Today, the Arakan Army and the Ta’ang National Liberation Army continue to fight the junta despite all of China’s pressure. The Arakan Army’s capture of the Rakhine region within Myanmar and its role as protector of all critical Chinese and Indian investments there has eased the pressure on them and pushed the junta into a more isolated position.

Myanmar: An ideal testing ground for the Chinese army

It is clear that China is dissatisfied with the junta regime; the regime has no legitimacy, kidnaps Chinese citizens, and is being decisively defeated on the front line. The NUG government, on the other hand, is a risk factor that could completely destroy China-Myanmar relations. The NLD elites imprisoned by the junta and the ethnic armies that are members of the Federal Committee are the actors with whom China has the best relations in the region. For both ensuring stability in the country and protecting China’s interests in the region, the ideal scenario is an NLD government that is not under the threat of the Tatmadaw and allied armed ethnic organizations that can be used as a pressure tactic against them when necessary.

The biggest problem with China’s current policy is that even if the junta regime remains in power, the efforts to keep it afloat both damage China’s reputation and do nothing to alleviate the hatred felt towards the junta regime. Moreover, the victory of a regime that has historically always sought alternative friends to China could turn against China in the long run.

Therefore, in the interests of China, direct military intervention in Myanmar may be the most logical move for China. China could directly fight both the SAC and the NUG and hand over the country to a new power based on cooperation between the Federal Committee and a new NLD government. Of course, the biggest problem for China here would be openly abandoning its much-vaunted policy of “non-interference in the internal affairs of other countries.” However, in line with China’s strategic interests, the most logical strategy would be to reestablish NLD rule with the help of Chinese troops.
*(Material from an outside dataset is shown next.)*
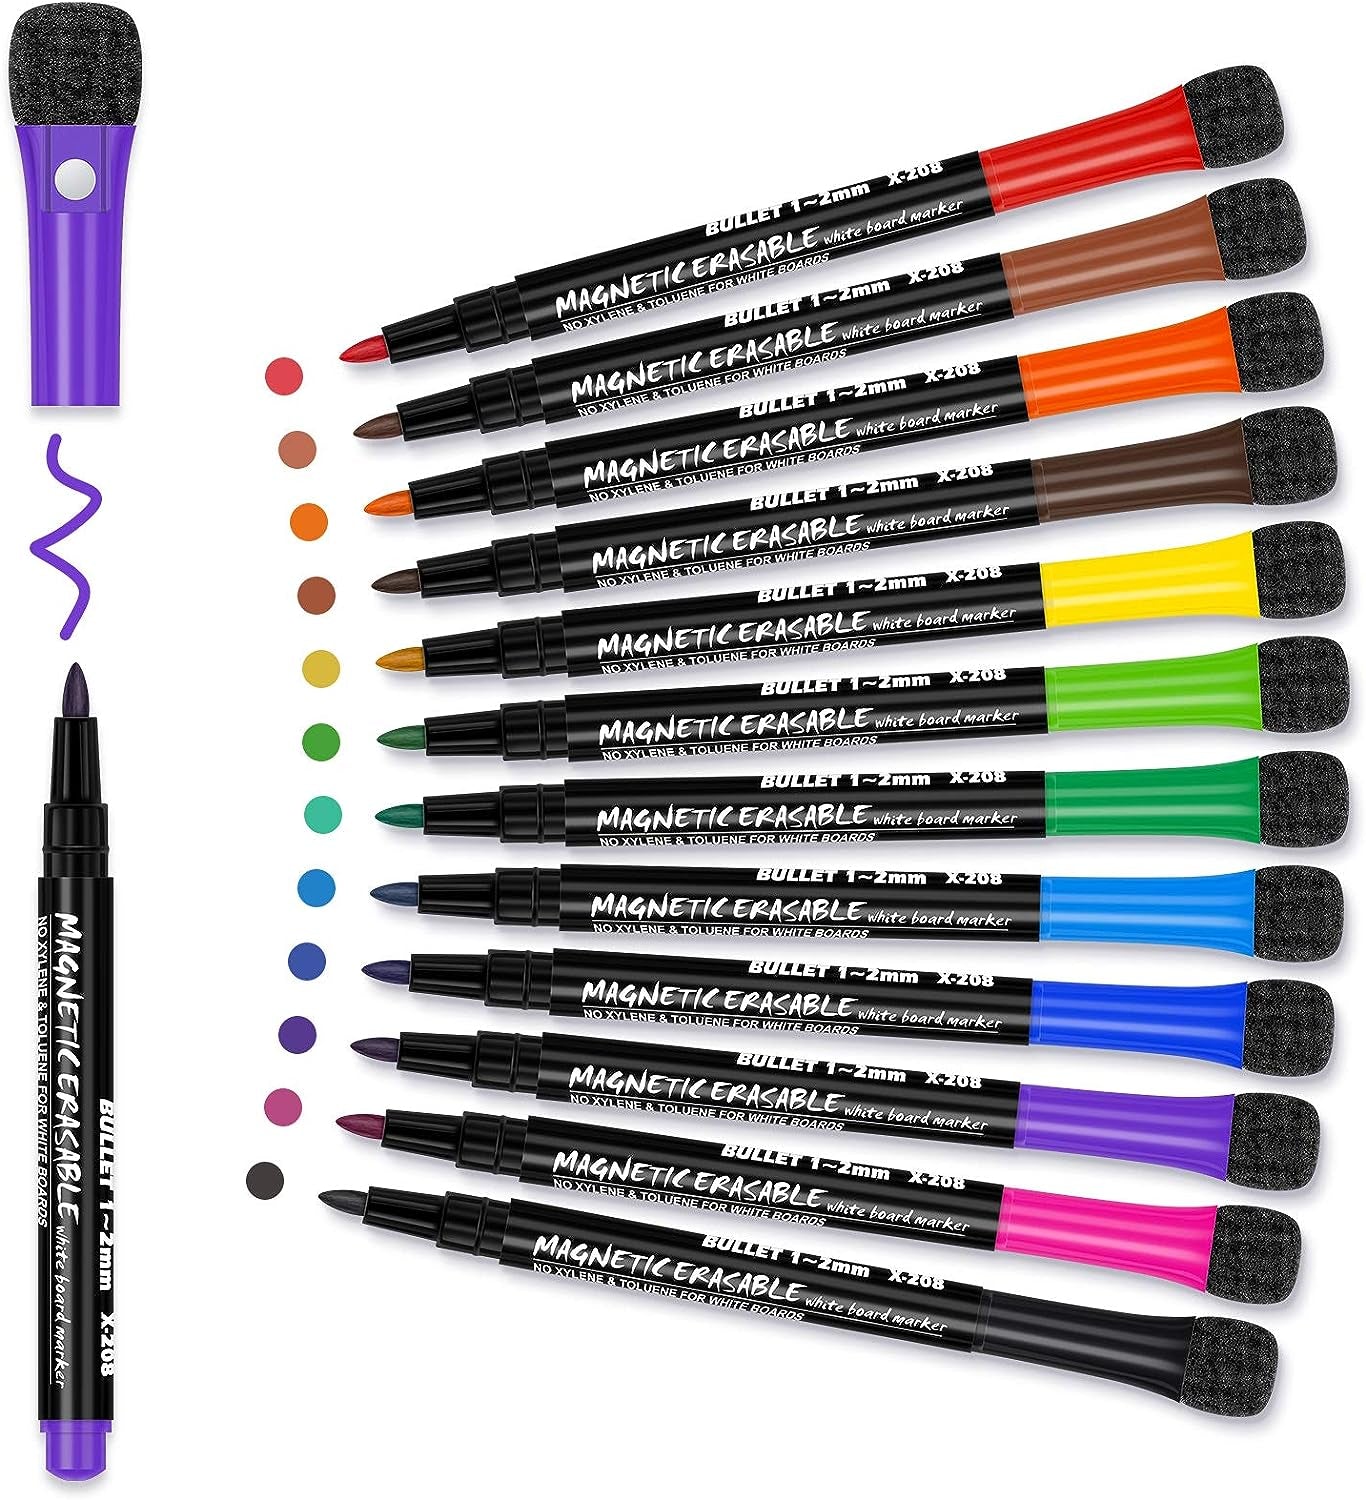 Magnetic Dry Erase Markers Fine: 12 Colors Erasable Whiteboard Markers Fine Point with Eraser Cap, Low Odor White Board Dry Erase Pens Fine Tip for Kids & Teachers, Home, Office and School Supplies

Neither the new democratic opposition nor the current junta regime promises a stable future for Myanmar. It seems unlikely that the risk environment in Myanmar will disappear without China using force to build a new order led by actors friendly to it. Moreover, such a military operation would create the necessary environment for testing China’s military capabilities.

Russia entered Ukraine exaggerating its own military capabilities and got bogged down. Although the Russian army saw its own shortcomings by getting bogged down in Ukraine and corrected them somewhat, in the end, its reputation was damaged and it still has not managed to get out of the quagmire. China, which is expected to intervene militarily in Taiwan, can identify its military shortcomings in advance and make the necessary preparations for Taiwan by making a military move in Myanmar beforehand, rather than getting bogged down in a military operation against Taiwan and embarrassing itself in front of the whole world.

Of course, there are also some risk factors preventing China from intervening in Myanmar. For example, while it would be logical for the Chinese army to know its shortcomings in advance and prepare for a conflict with Taiwan (and, of course, the US) accordingly, what if the shortcomings that emerge lead to a result similar to Russia’s fiasco in Ukraine? Such a military intervention could lead to the US, which already aims to destabilize China, providing military support to the NUG and NUG-affiliated partisans, as well as to India deciding to lend military support for the junta regime. If China gets bogged down in a country with an already challenging geography, it is also questionable how ethnic organizations close to it would position themselves. Another issue is how to rescue NLD elites held captive by the junta regime, such as Aung San Suu Kyi. The junta regime could execute NLD elites and prevent China from working with legitimate actors in the post-war order. Therefore, perhaps China’s goal could be to help the junta win the civil war and then pressure the junta in the aftermath to bring the NLD administration back to power.

Although it is a risky move, a possible Chinese military intervention is by no means impossible and should never be overlooked.

Conclusion

The 2021 coup in Myanmar overthrew China’s most important allies in the region, putting China’s strategic interests in the region at great risk and forcing China to cooperate with the coup leaders. While it is important for China’s goal of ensuring stability in the region that anti-junta democratic partisans do not come to power, widespread public hatred of the junta is still dangerous for China’s interests in the long term.

Myanmar’s stability is one of China’s most important strategic priorities. Without the China-Myanmar Economic Corridor, the closure of the Strait of Malacca to Chinese ships and the blockade of China by the chain of islands surrounding its coastline pose a risk that could completely collapse China’s economy.

Therefore, in the long term, it is vital for China to simultaneously dismantle both the NUG partisans and the junta regime in order to ensure stability in Myanmar and build a stable structure with friendly actors.